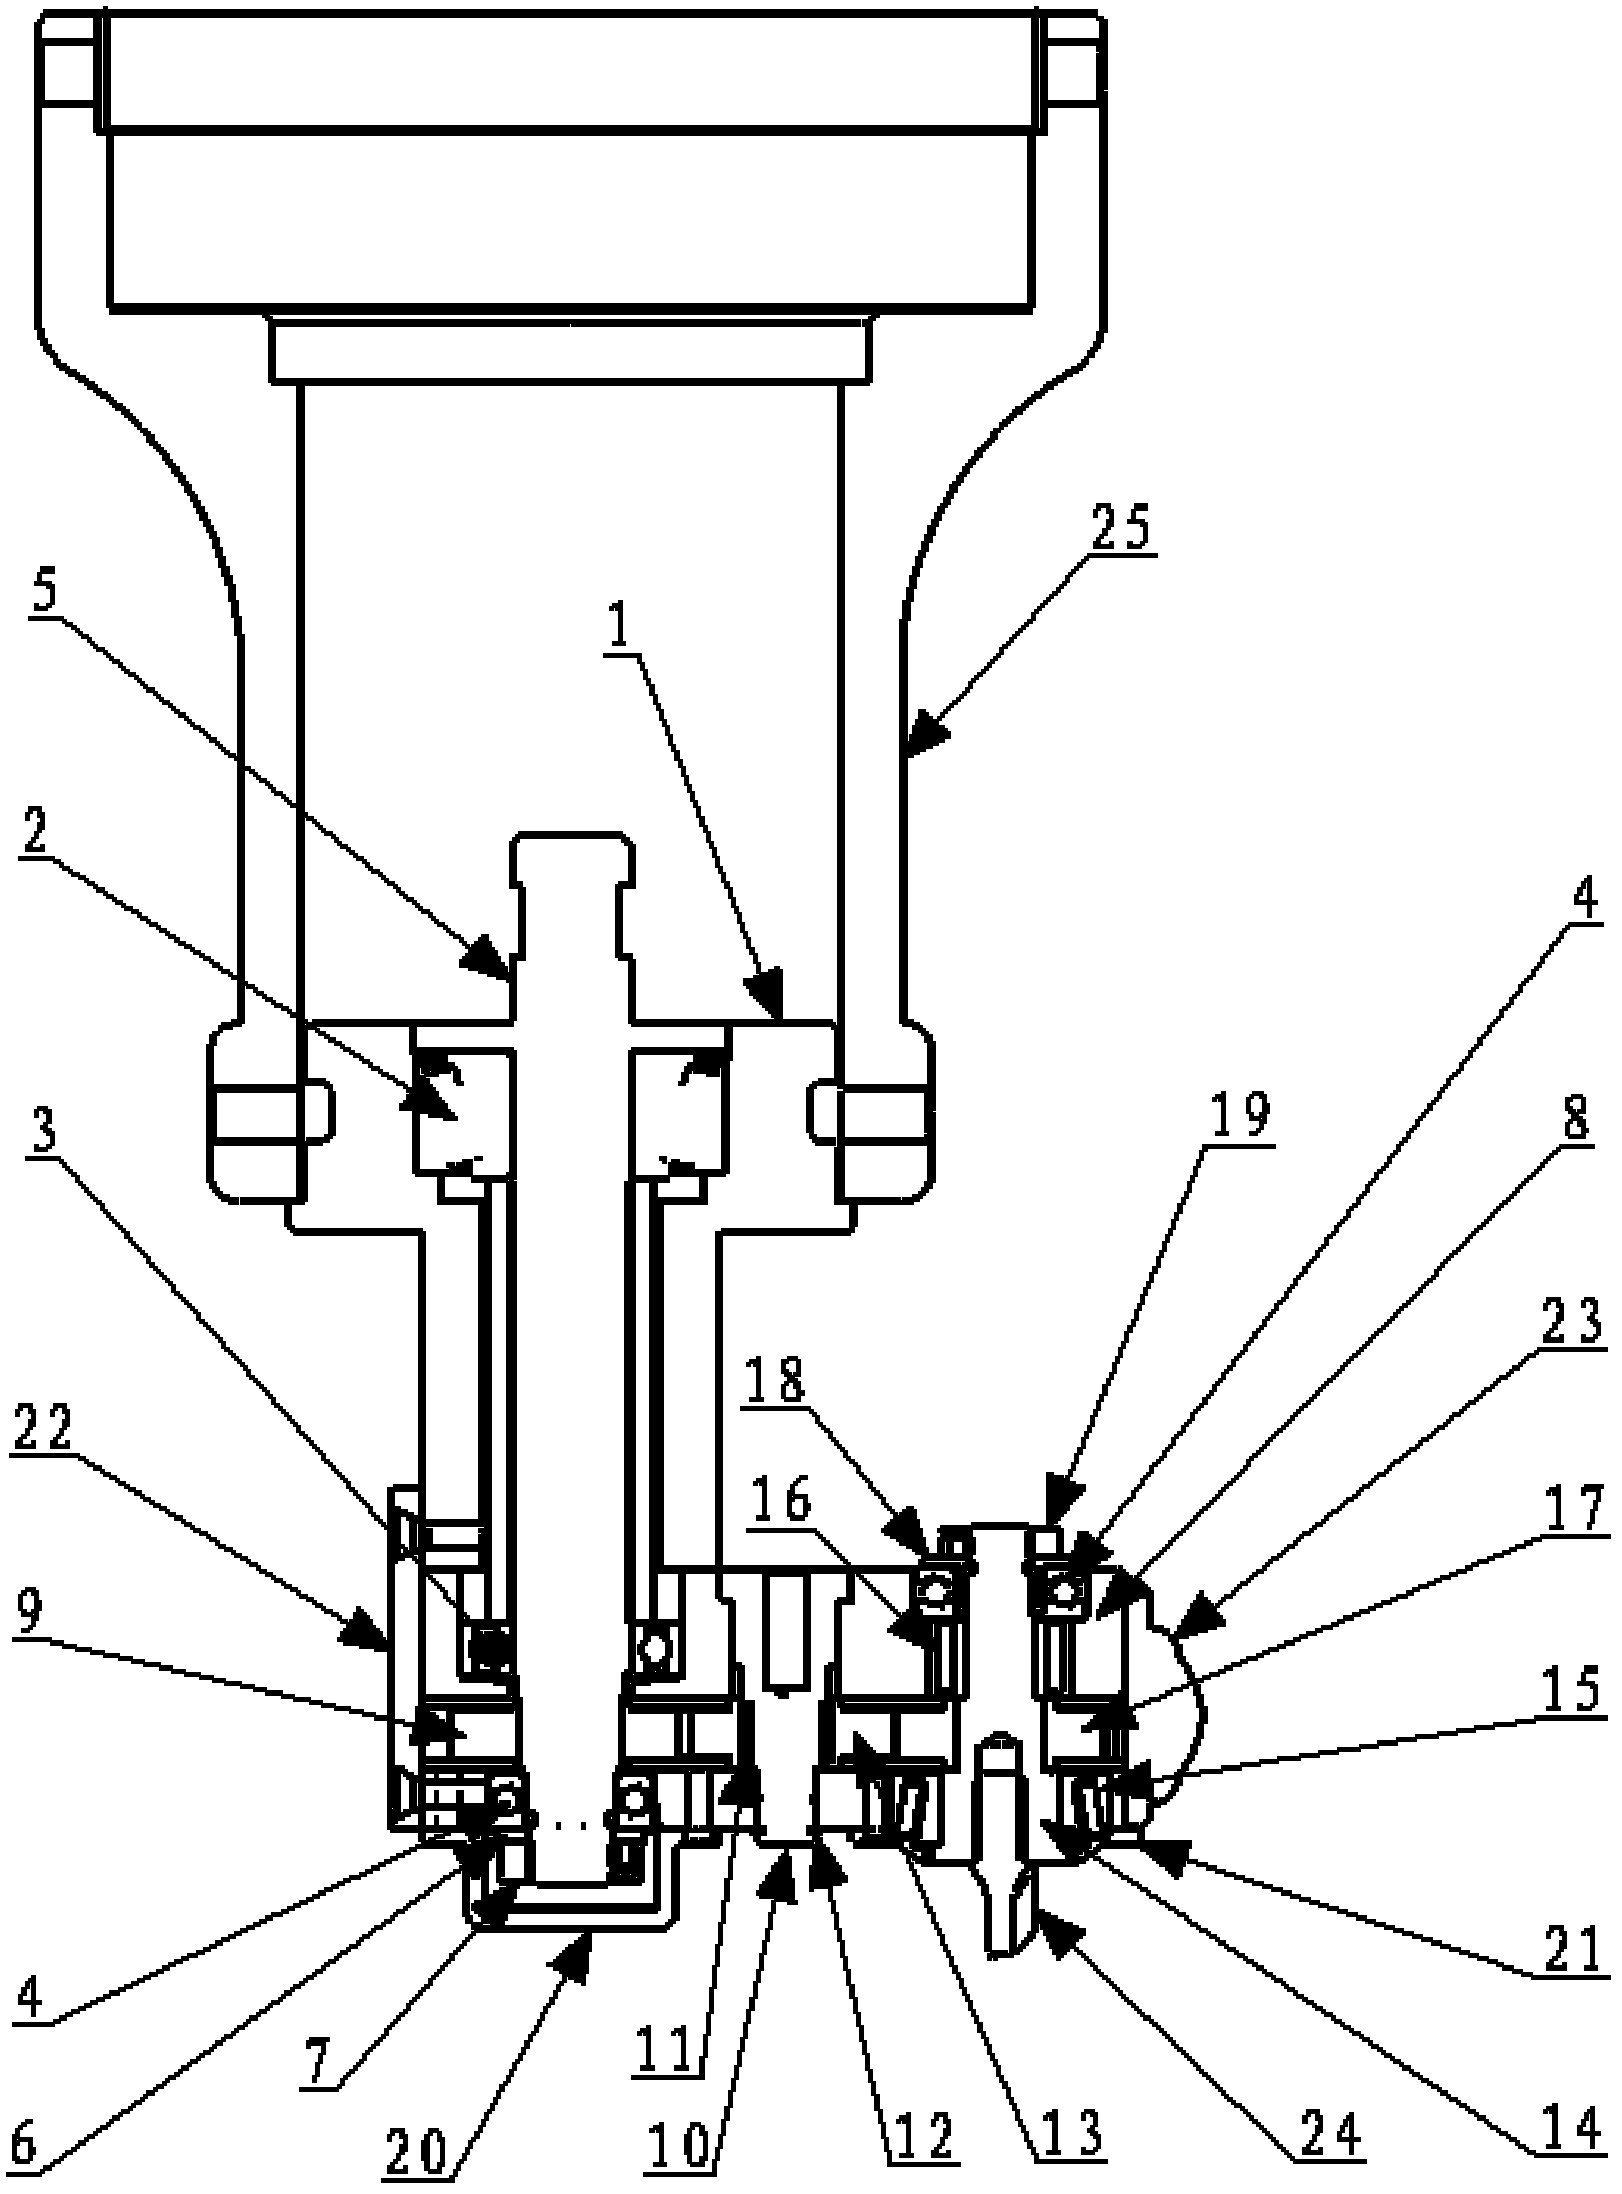 Direction-variable cutting tool
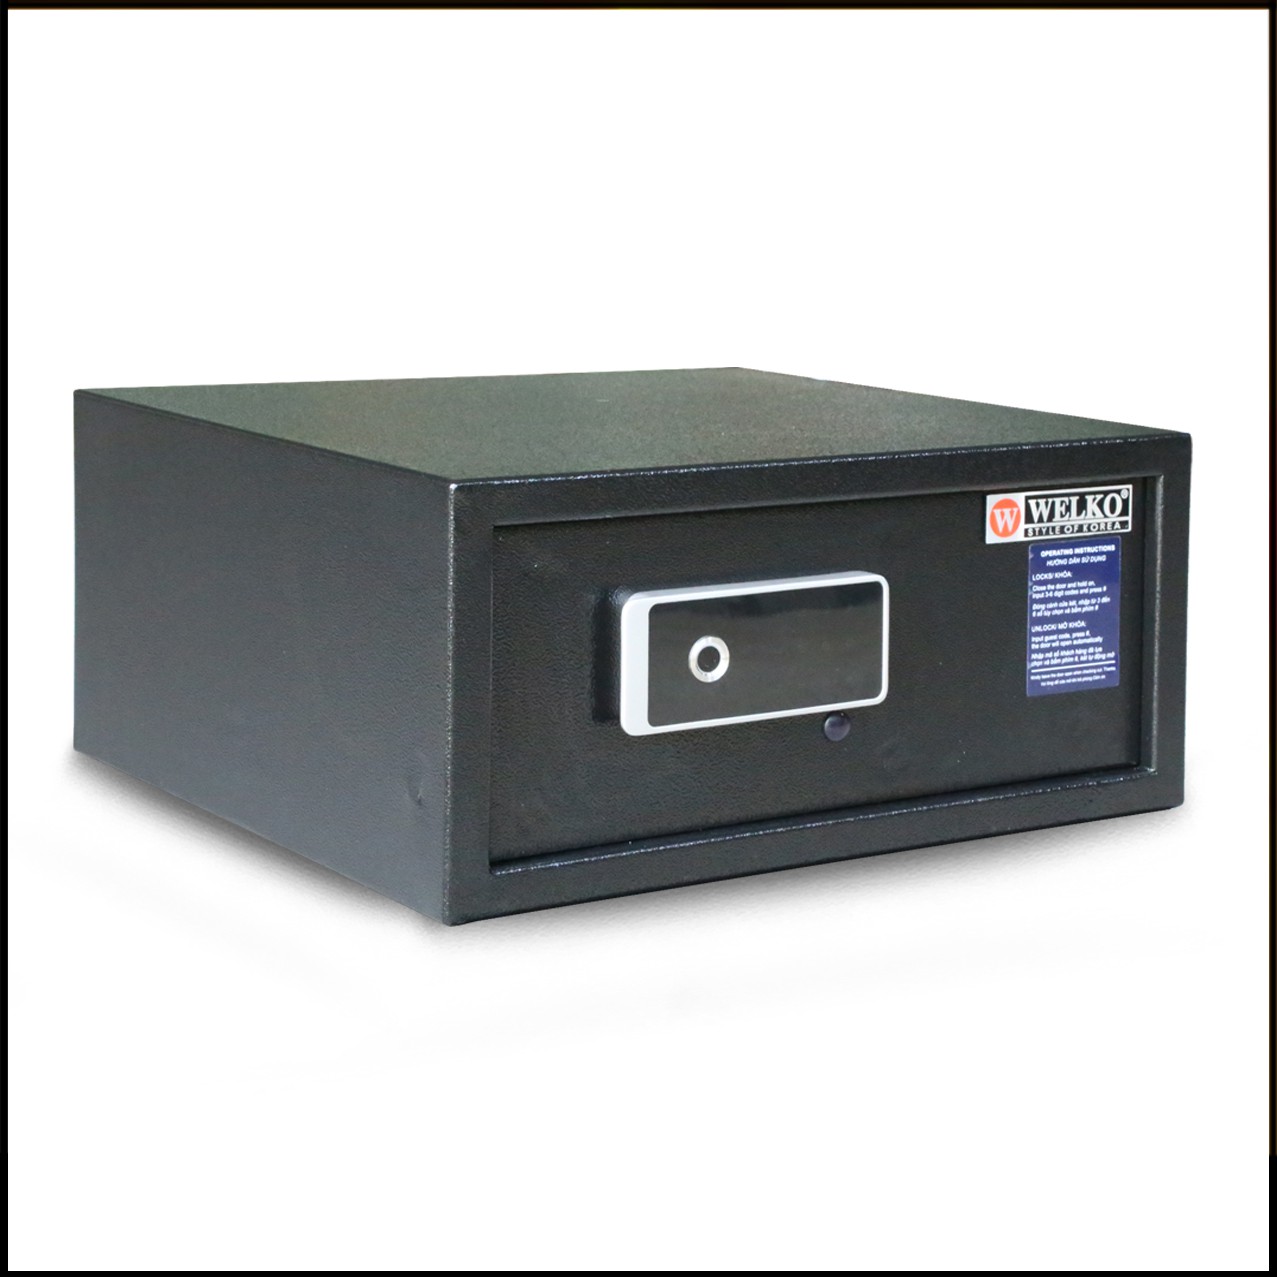 Portable Hotel Safes factory and suppliers - wholesale cheap best
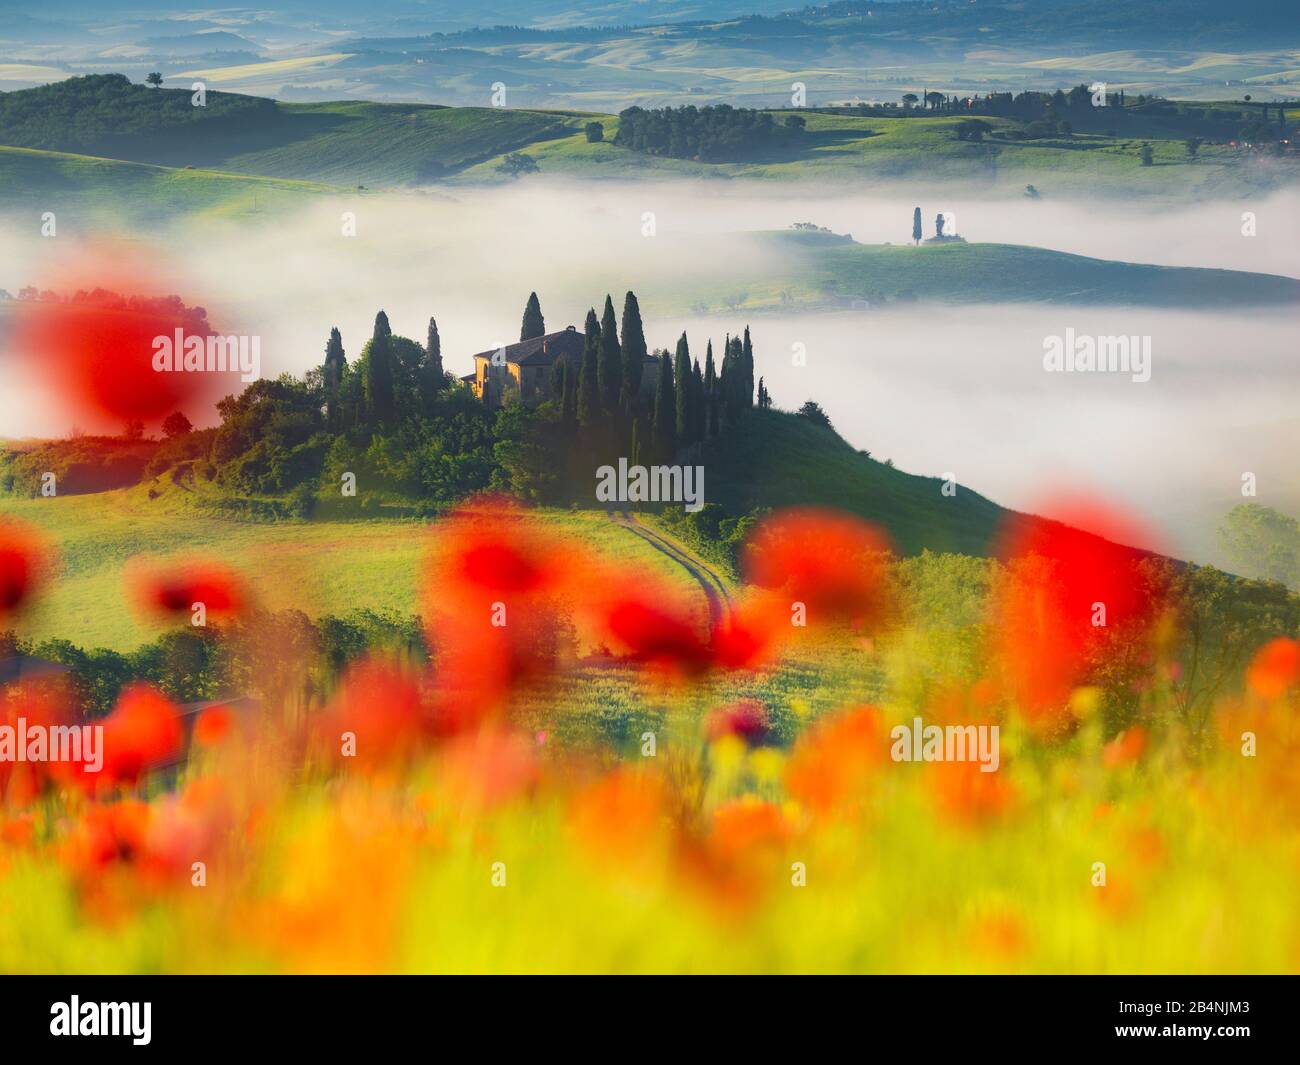 Country house Belvedere near San Quirico d'Orcia, Val d'Orcia, Tuscany, Italy, poppies in the foreground, in the background the country house Stock Photo
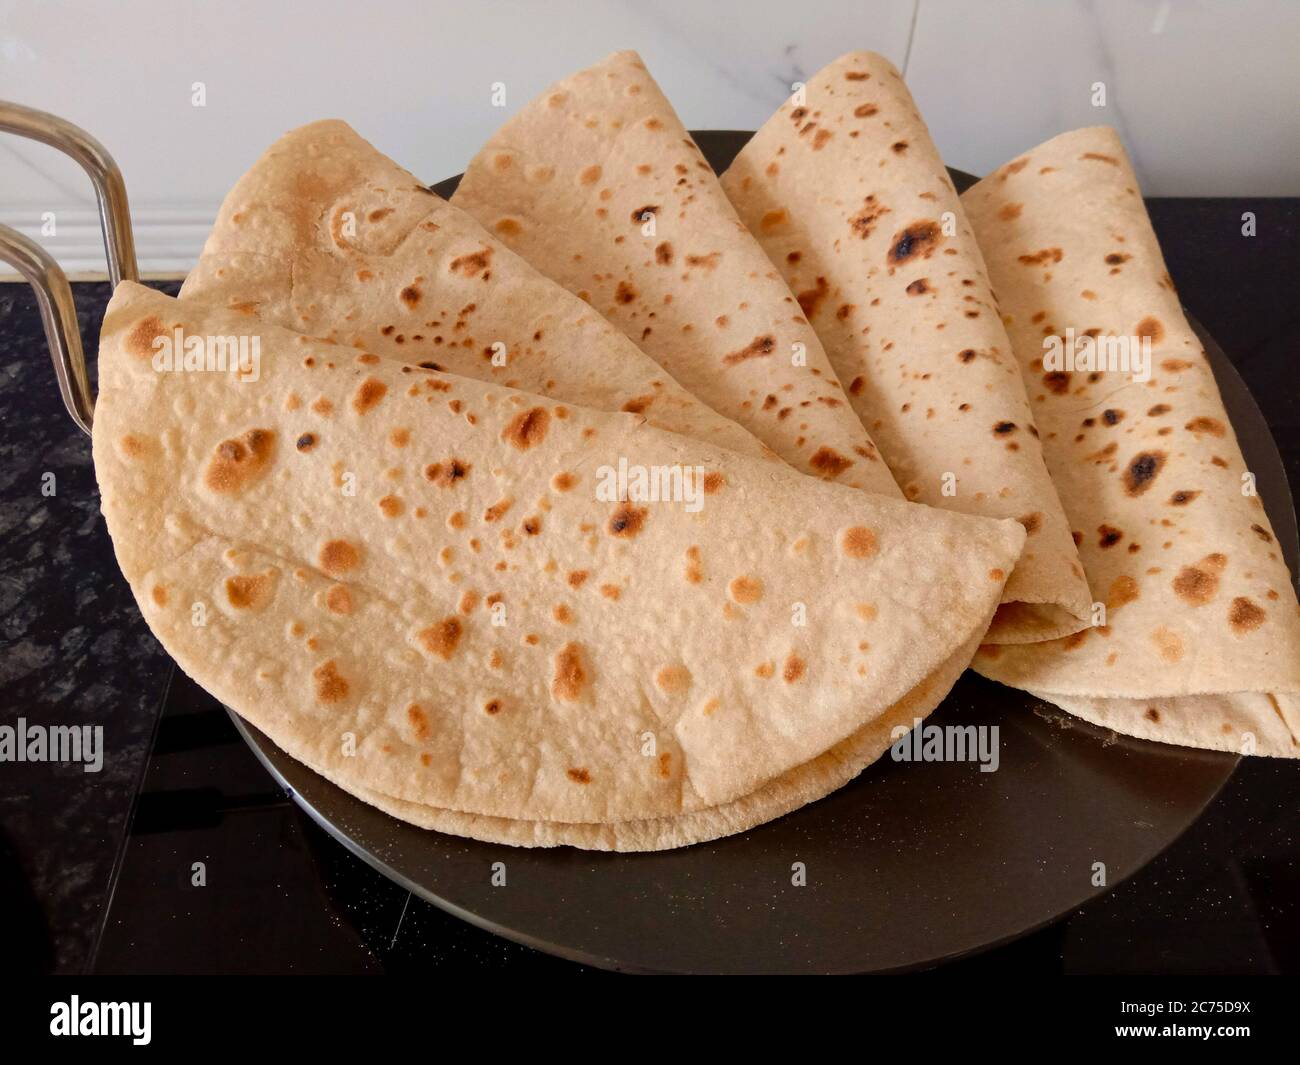 indian bread or roti made from whole wheat flour or refind flour without added yeast Stock Photo

☆ ☆ ☆ ☆

Task to complete: When you copy the lines above, drop the pictures and keep everything else exact.

Task output:
 Direction-variable cutting tool
 Portable Hotel Safes factory and suppliers - wholesale cheap best
 Country house Belvedere near San Quirico d'Orcia, Val d'Orcia, Tuscany, Italy, poppies in the foreground, in the background the country house Stock Photo
 indian bread or roti made from whole wheat flour or refind flour without added yeast Stock Photo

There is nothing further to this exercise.